**SOURCE MATERIAL:**
- - -

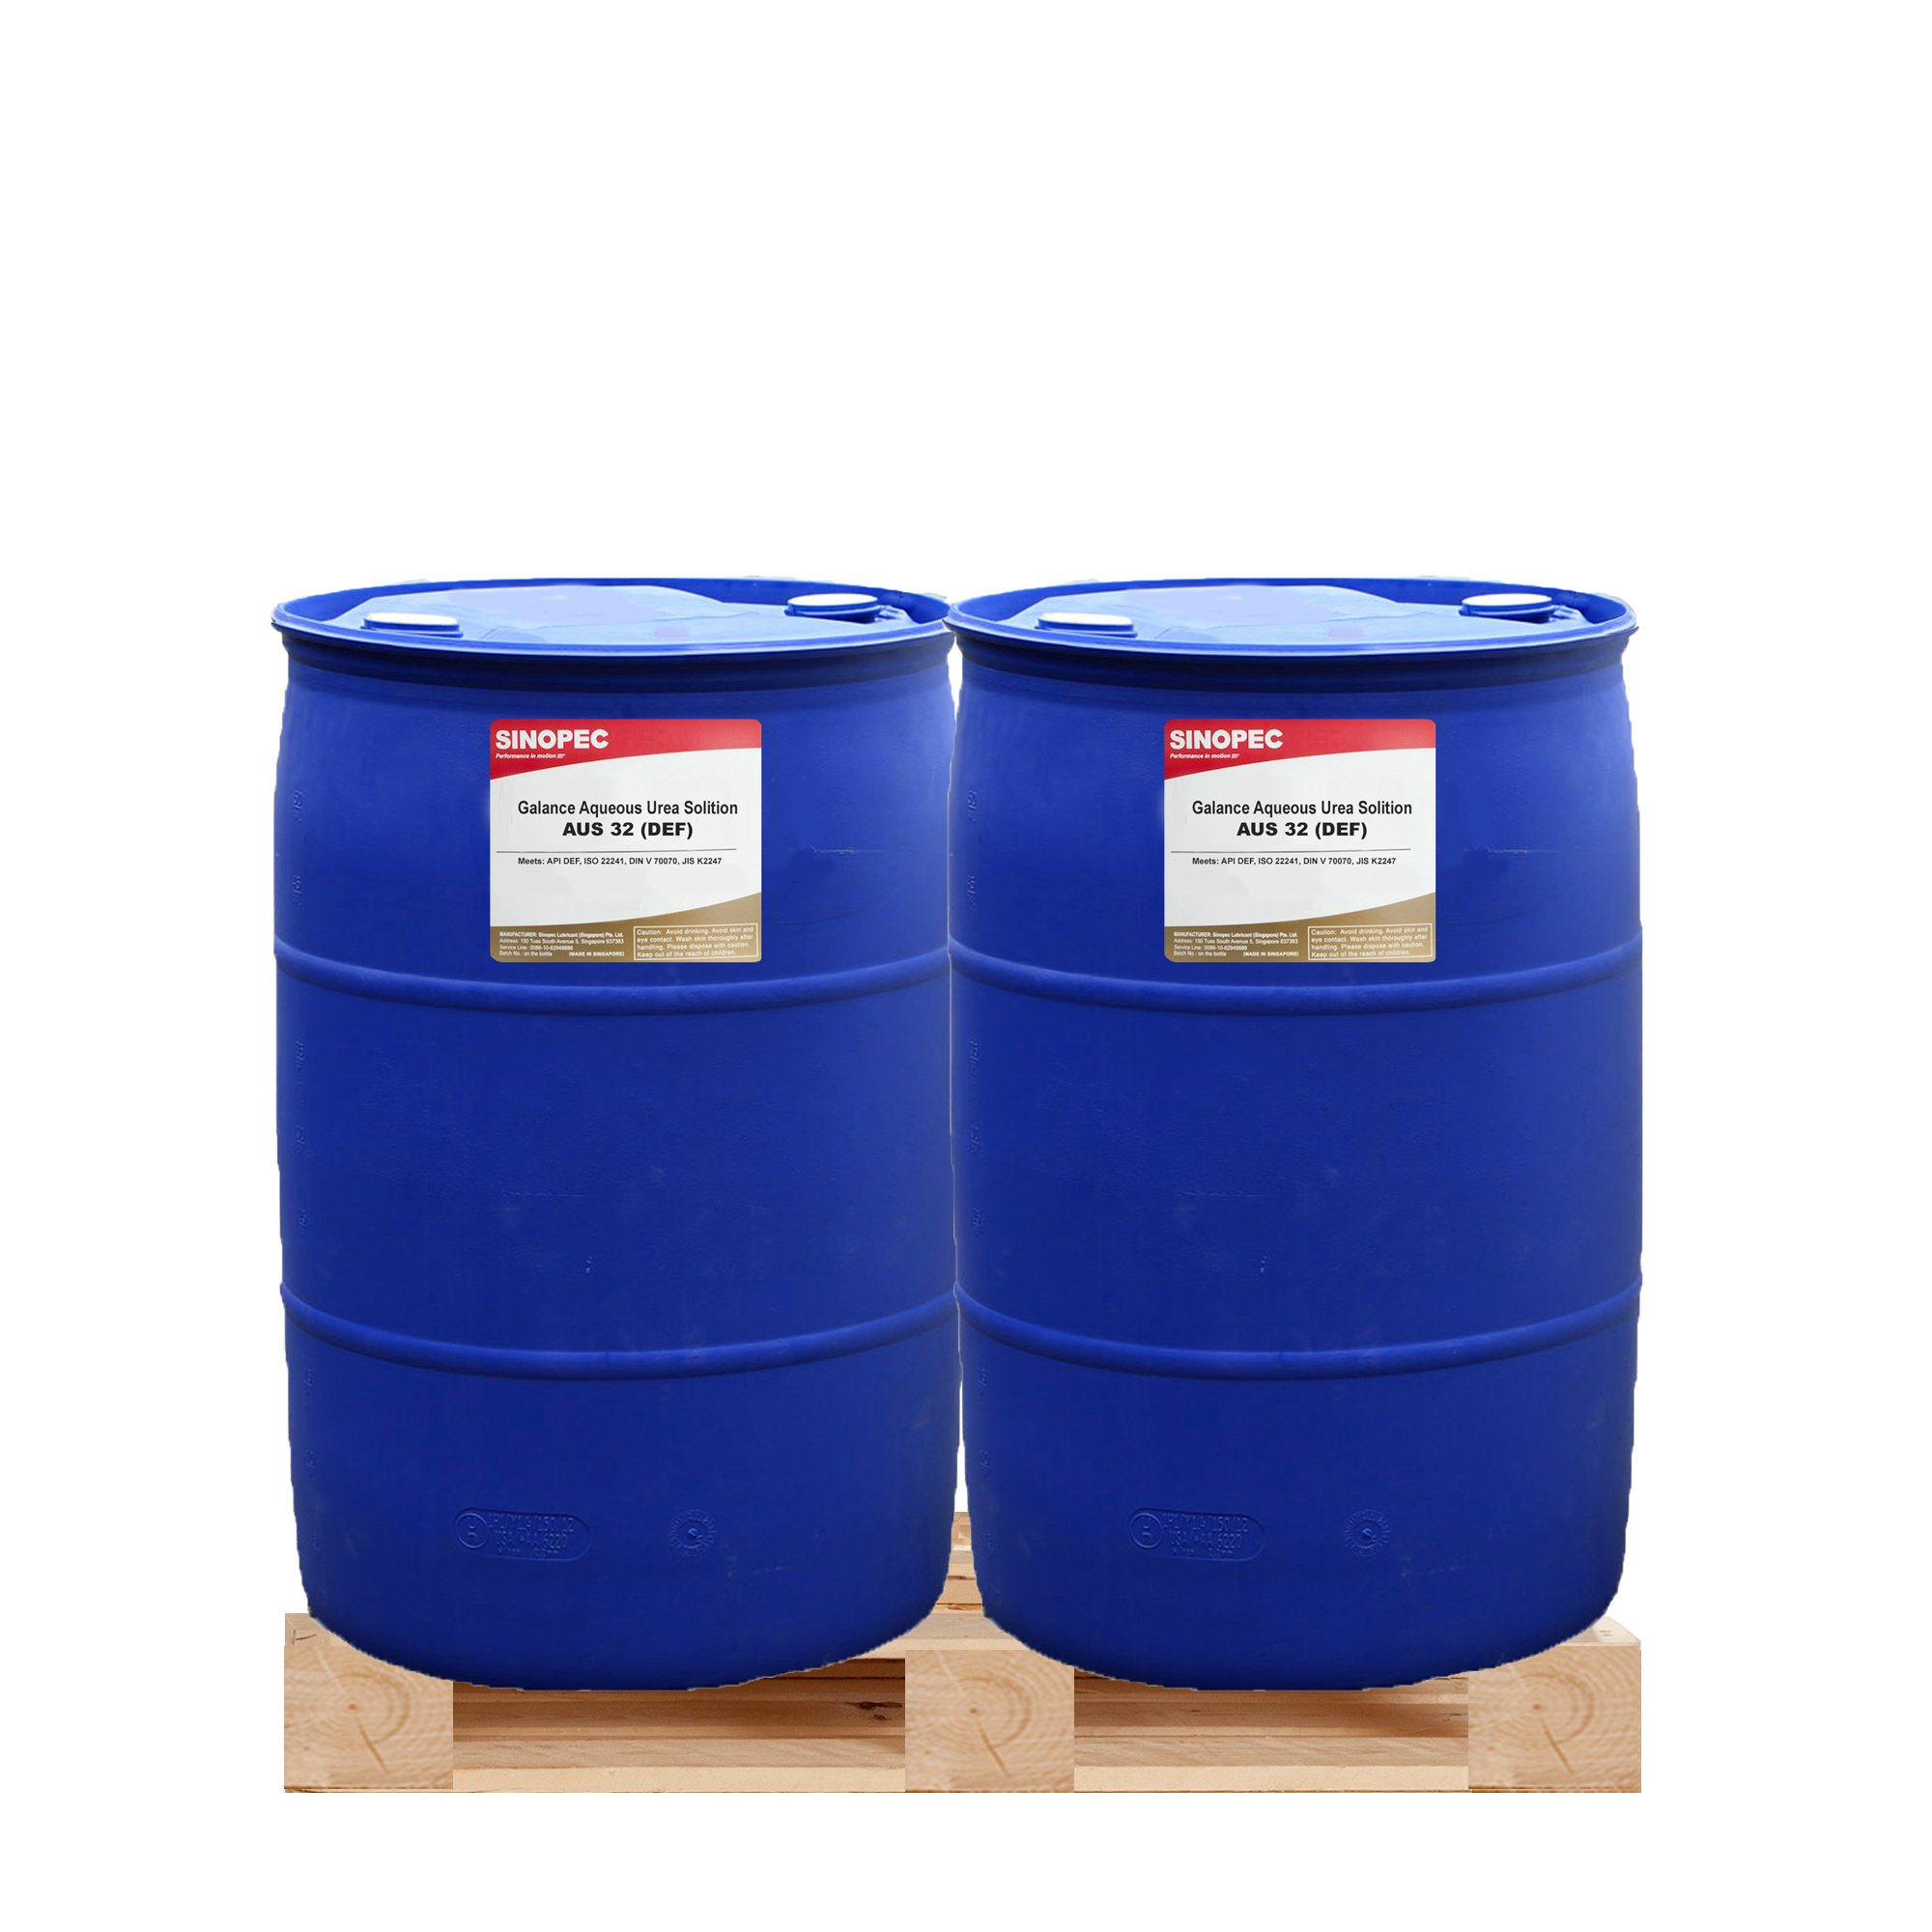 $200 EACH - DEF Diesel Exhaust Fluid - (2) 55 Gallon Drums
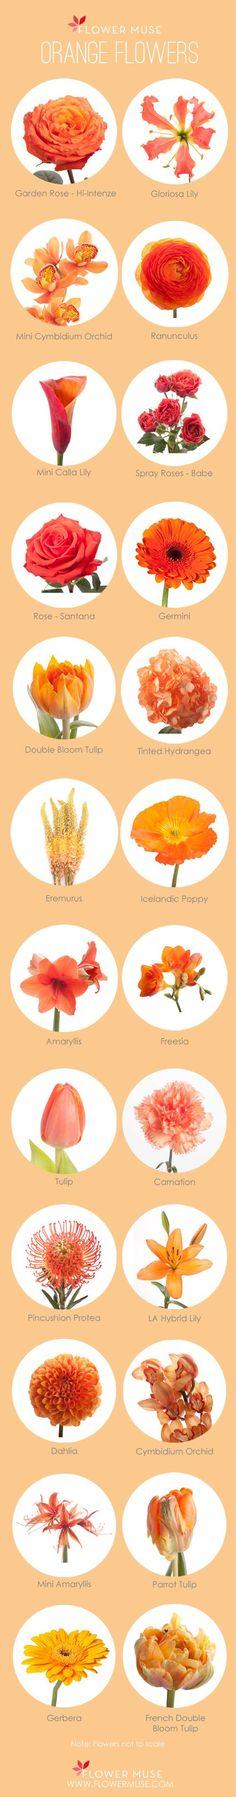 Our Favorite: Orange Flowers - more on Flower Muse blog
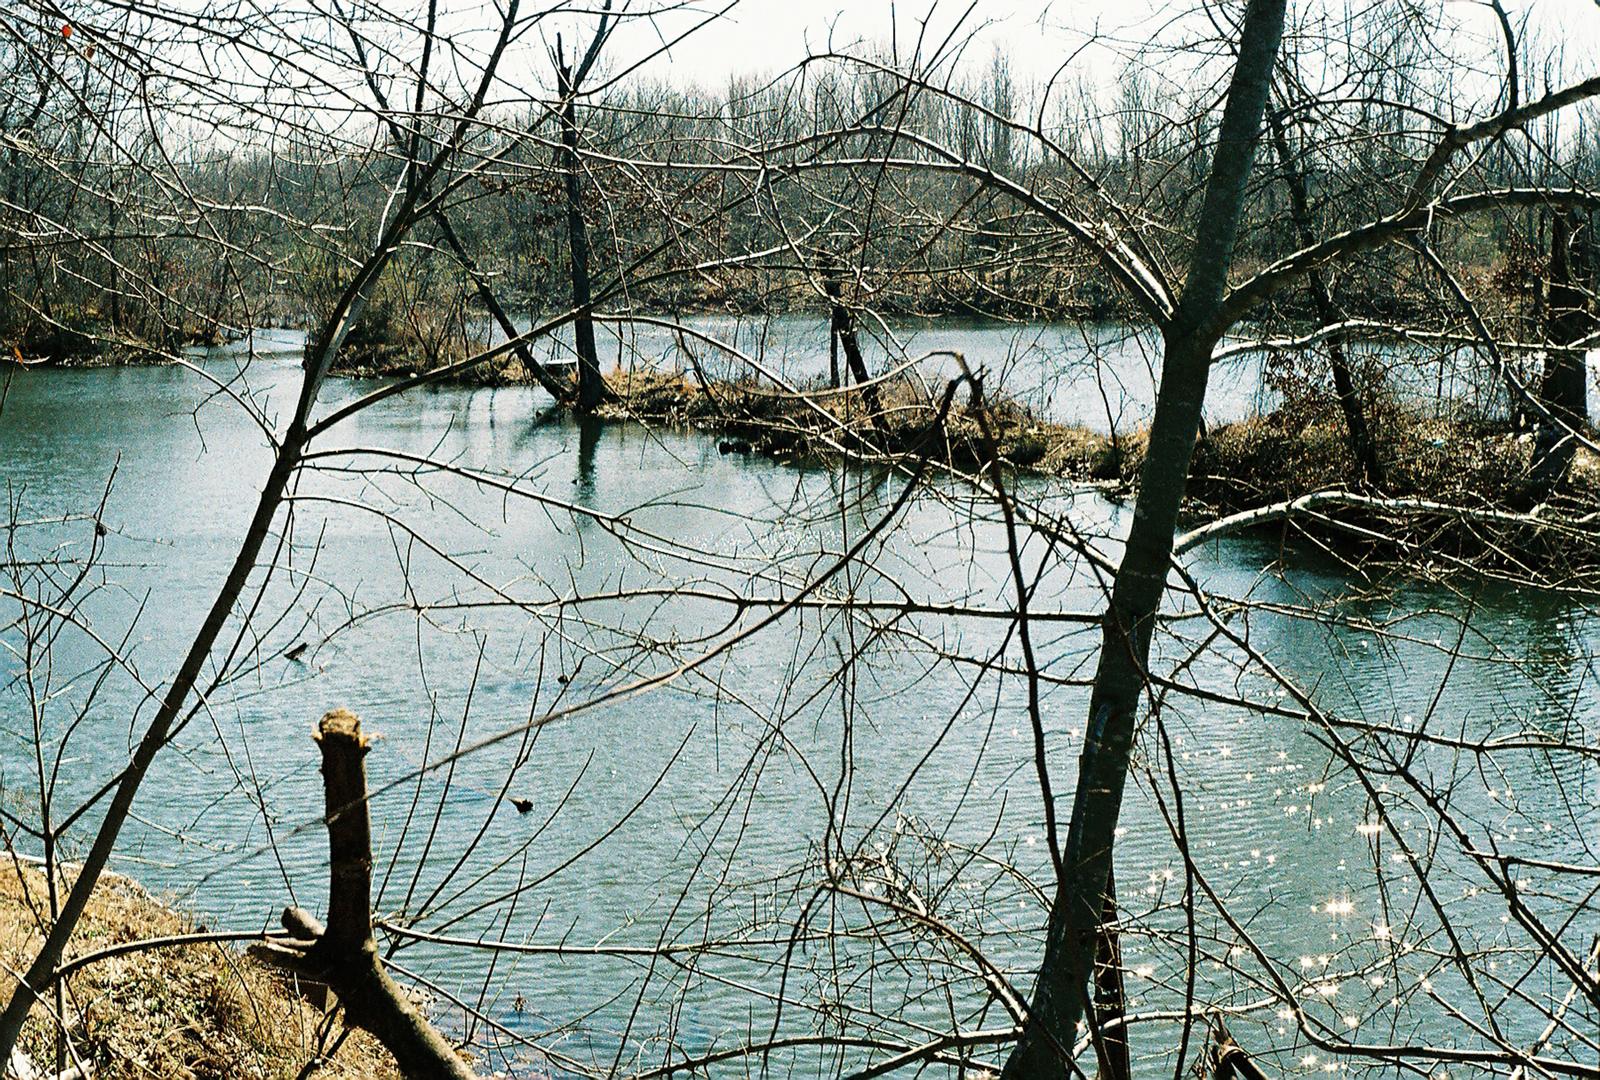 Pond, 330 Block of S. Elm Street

- - -

**HOW TO COMPLETE THIS TASK:** Please retype the listing above word for word, skipping each picture.

**SOLUTION TO THIS PROBLEM:**
 $200 EACH - DEF Diesel Exhaust Fluid - (2) 55 Gallon Drums
 Our Favorite: Orange Flowers - more on Flower Muse blog
 Pond, 330 Block of S. Elm Street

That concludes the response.